*** Block opens ***
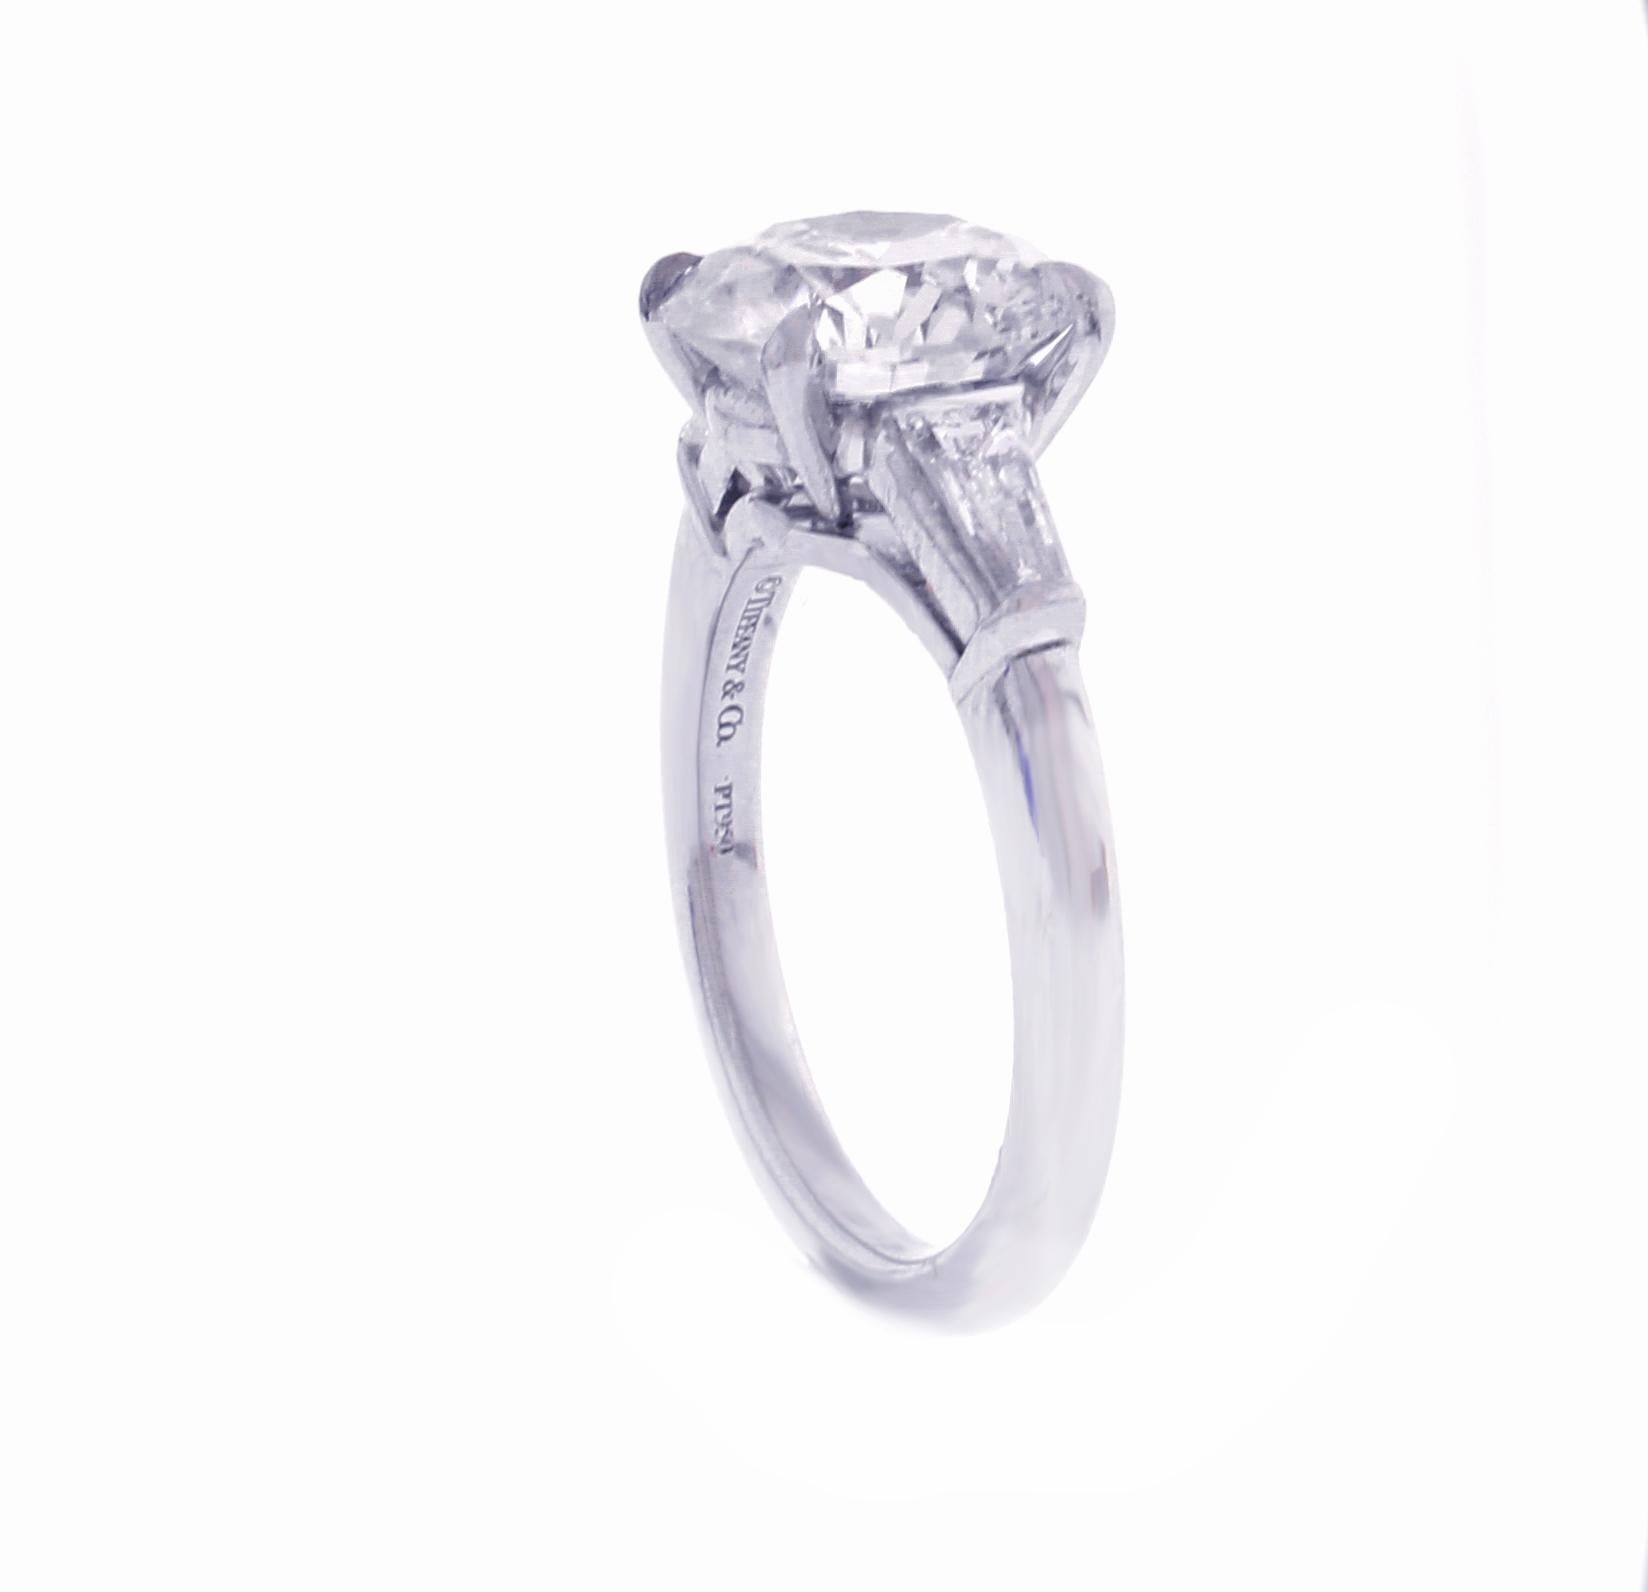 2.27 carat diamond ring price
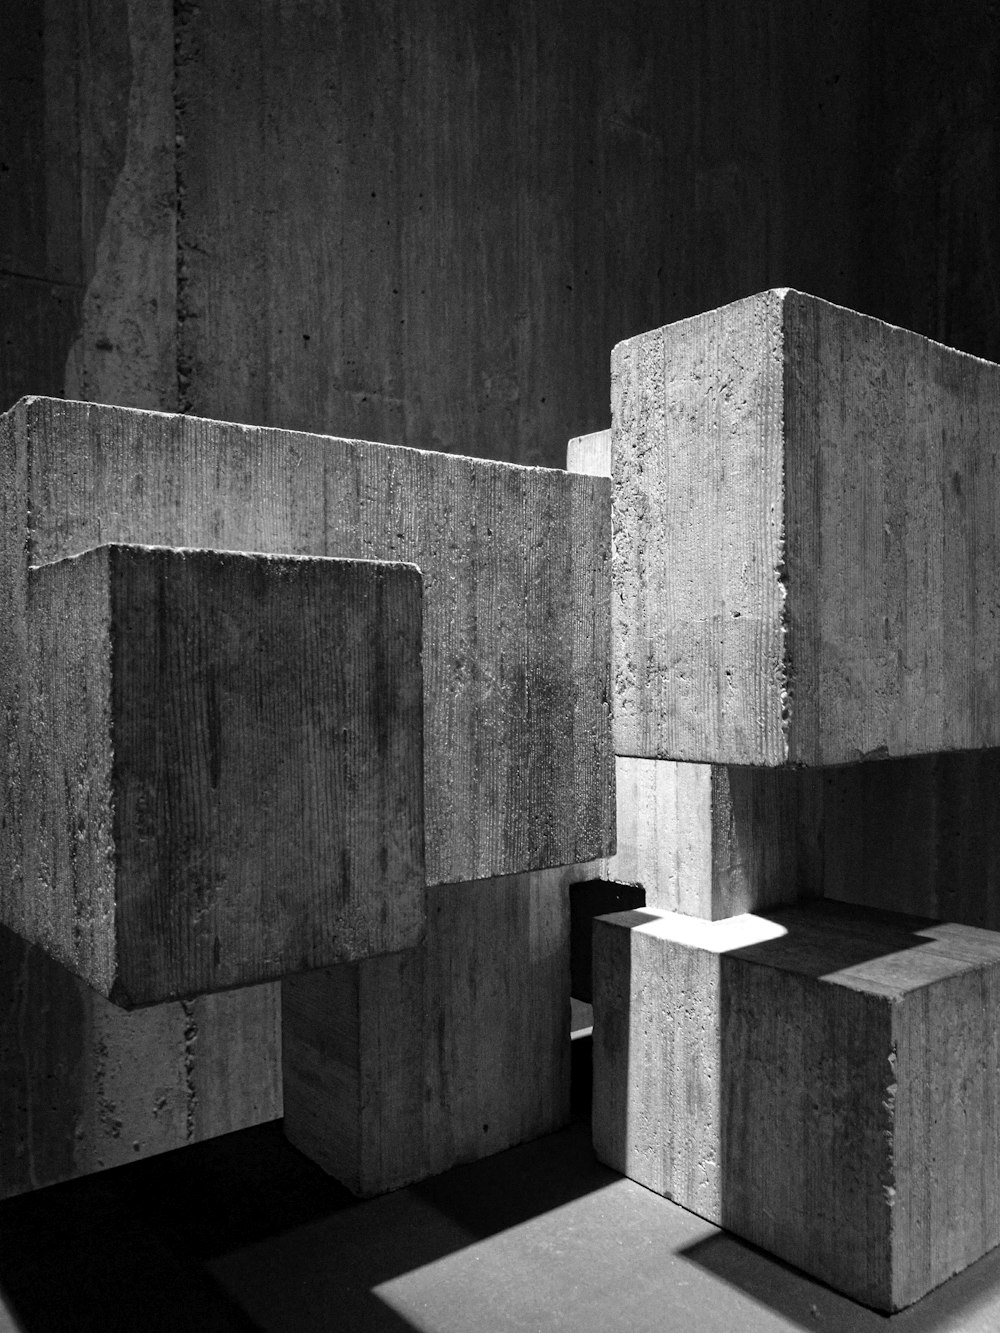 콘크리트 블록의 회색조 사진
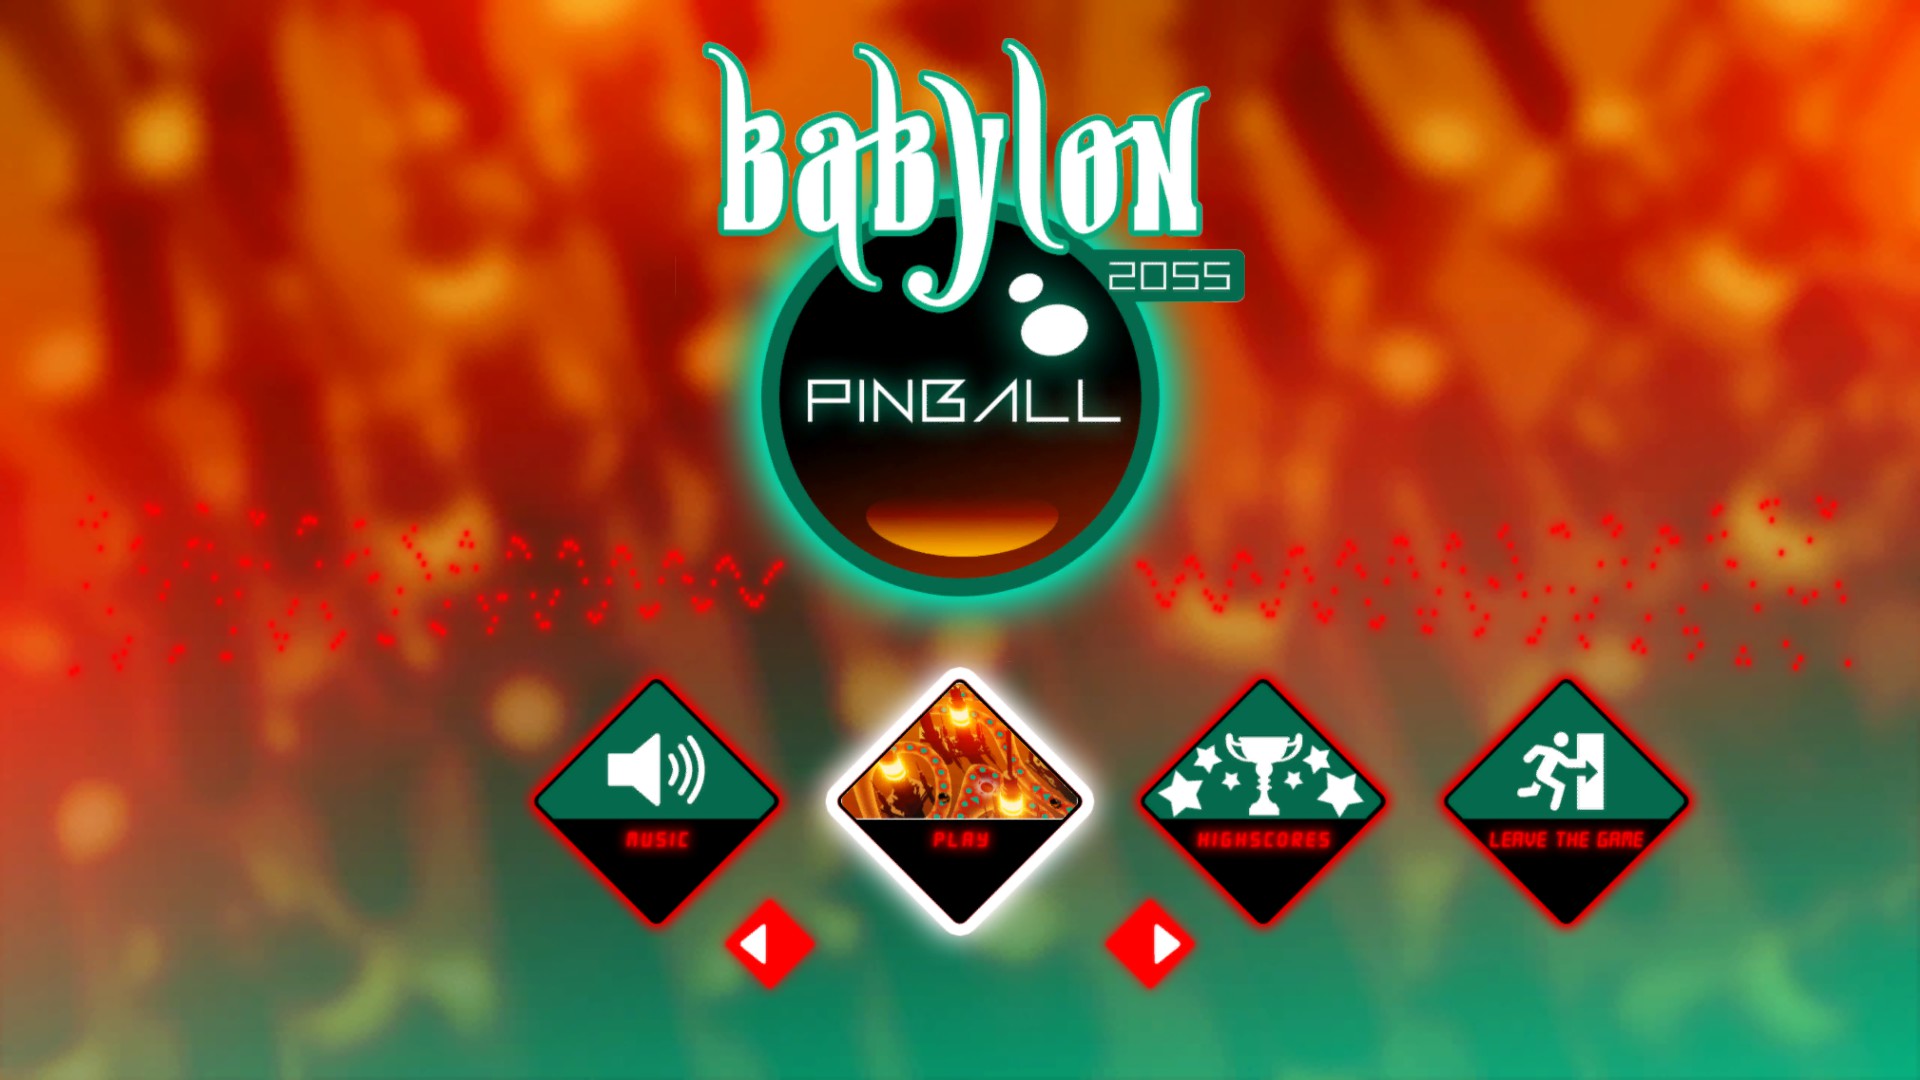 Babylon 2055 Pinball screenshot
*** Block closes ***
● **AIM OF THE EXERCISE**
Return the material in full and unaltered, minus its pictures.

● **SOLVED EXERCISE**
 2.27 carat diamond ring price
 콘크리트 블록의 회색조 사진
 Babylon 2055 Pinball screenshot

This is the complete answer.